Solve the following system of equations:
$\left\{ \begin{align}
& 2{{x}^{2}}-5xy-5{{y}^{2}}+x+10y-35=0 \\
& {{x}^{3}}+5x{{y}^{2}}+42=0 \\
\end{align} \right.$
By using a computer, I have solutions: $x=-3$,$y=1$, but I cannot seem to do it by hand. Please help me solve it. Thanks.
On
If you care about all solutions and not just some nice ones, especially if you are using a computer to do the grunt work, fire up any CAS (computer algebra system) at your disposal. Any self-respecting CAS has an implementation of groebner basis algorithms (to use for problems like this under the hood!) - but try sympy! The lex order groebner basis of your system is
$$52704x - 6250y^5 + 27700y^4 - 90775y^3 + 220495y^2 - 297625y + 304567=0$$ $$10y^6 - 30y^5 + 123y^4 - 246y^3 + 408y^2 - 480y + 215=0$$ The last equation is a univariate six-degree polynomial that factors into
$$(y-1)(y+i\sqrt5)(y-i\sqrt5)(y-1/2 + 9i/10\sqrt5)(y-1/2 - 9i/10\sqrt5)$$
So like your solution we have $y=1$ as well.
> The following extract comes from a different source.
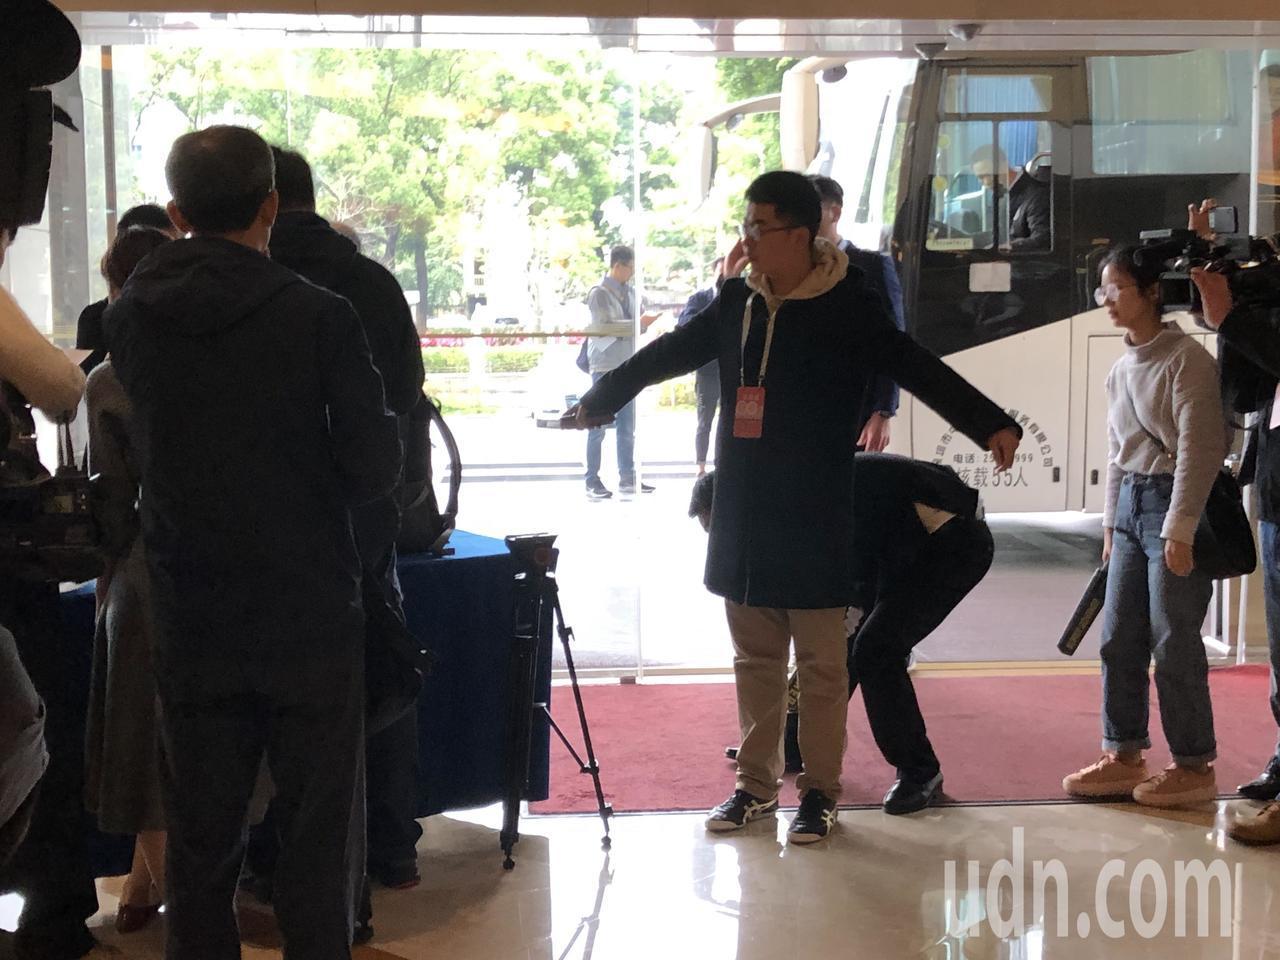 深圳官方就直接在酒店門口搜身,不少記者也猛拍。記者蔡家蓁/攝影

Backsubtition into the first equation (of the groebner basis) gives $$52704x + 158112=0$$ but $-158112/52704=-3$. So indeed $y=1$ and $x=-3$ is a solution...
This fits nicely with what Dietrich posted: As he points out if $x=2$ then $y$ is a solution to $y^2=-5$ both of these solutions (the positive and negative solution of that quadratic) also solve the equation in the groebner basis that only contains $y$ (and not $x$). Which you also see from the factorization. Substituting $y=i\sqrt5$ into the first equation gives $$52704x - 105408=0$$ and we have $105408/52704=2$ so we have another nice solution of $y=i\sqrt5$ and $x=2$! The same for $y=-i\sqrt5$.
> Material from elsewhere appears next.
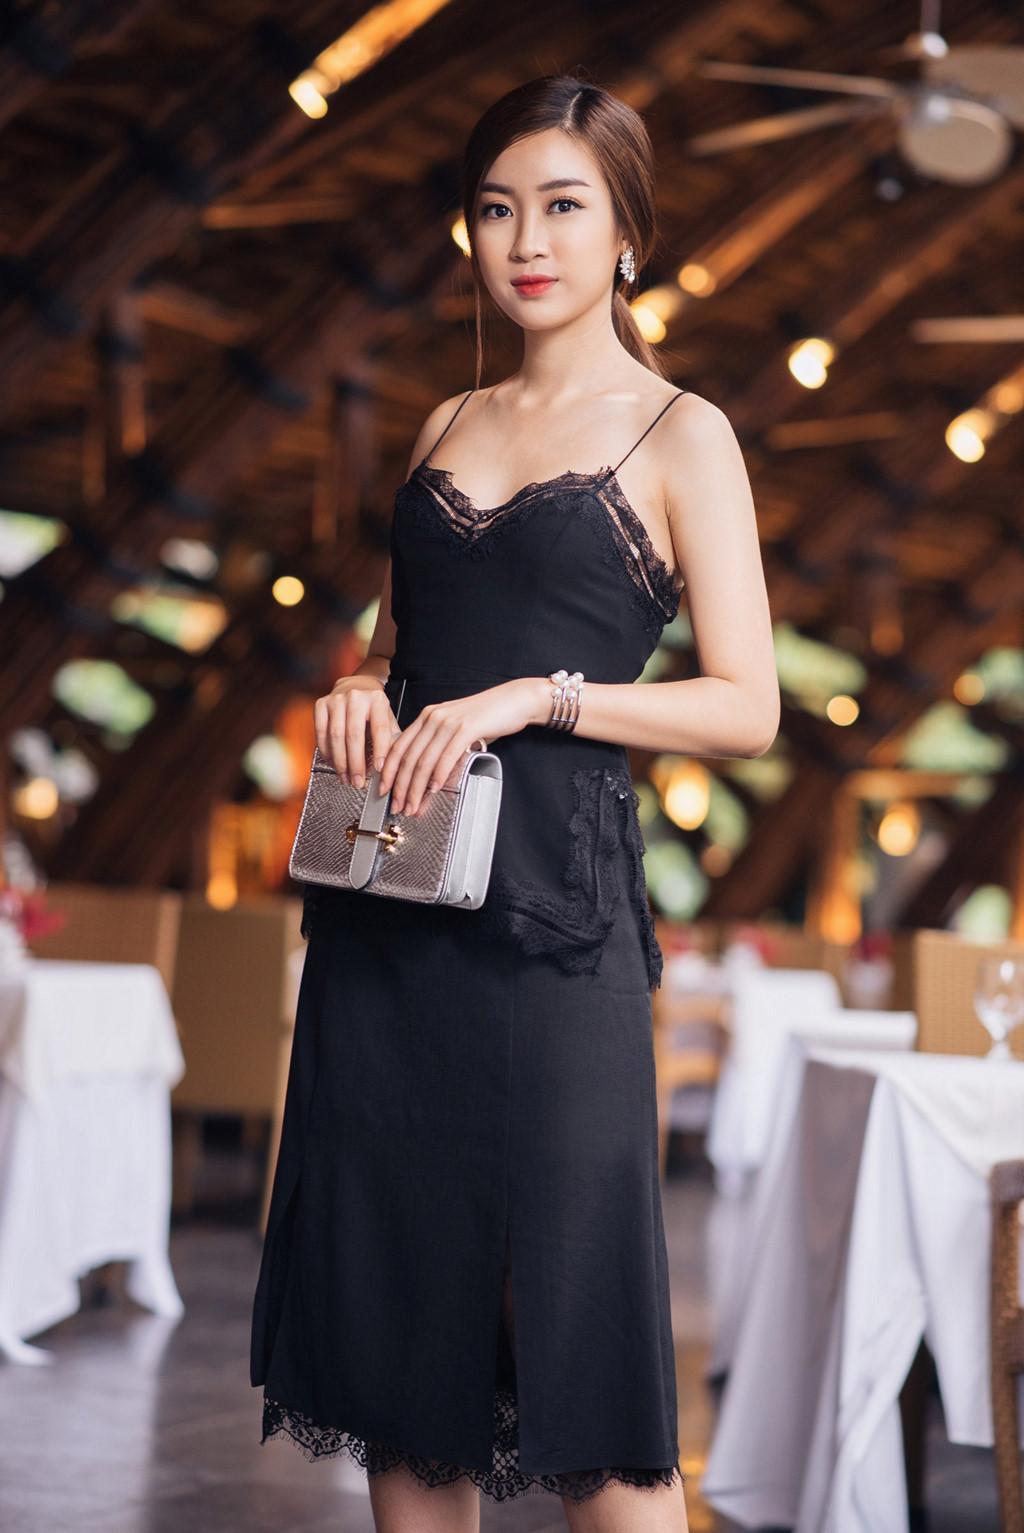 Hoa hậu Đỗ Mỹ Linh chuộng phong cách công chúa-6

Since $x\neq 0$ by the second equation we have $y^2=-(x^3+42)/(5x)$. Substitute this to the first equation to obtain $$ y(5x)(x-2)=(3x^2 + 7x - 21)(x - 2). $$ For $x=2$ we obtain $y^2=-5$. Otherwise we can divide by $5x(x-2)$ to obtain $y$. This leads by the second euqation to $(2x^2 - 6x + 7)(x + 3)=0$, so we obtain altogether four solutions for $x$, i.e., $x=2,x=-3,x=( \pm \sqrt{-5} + 3)/2$.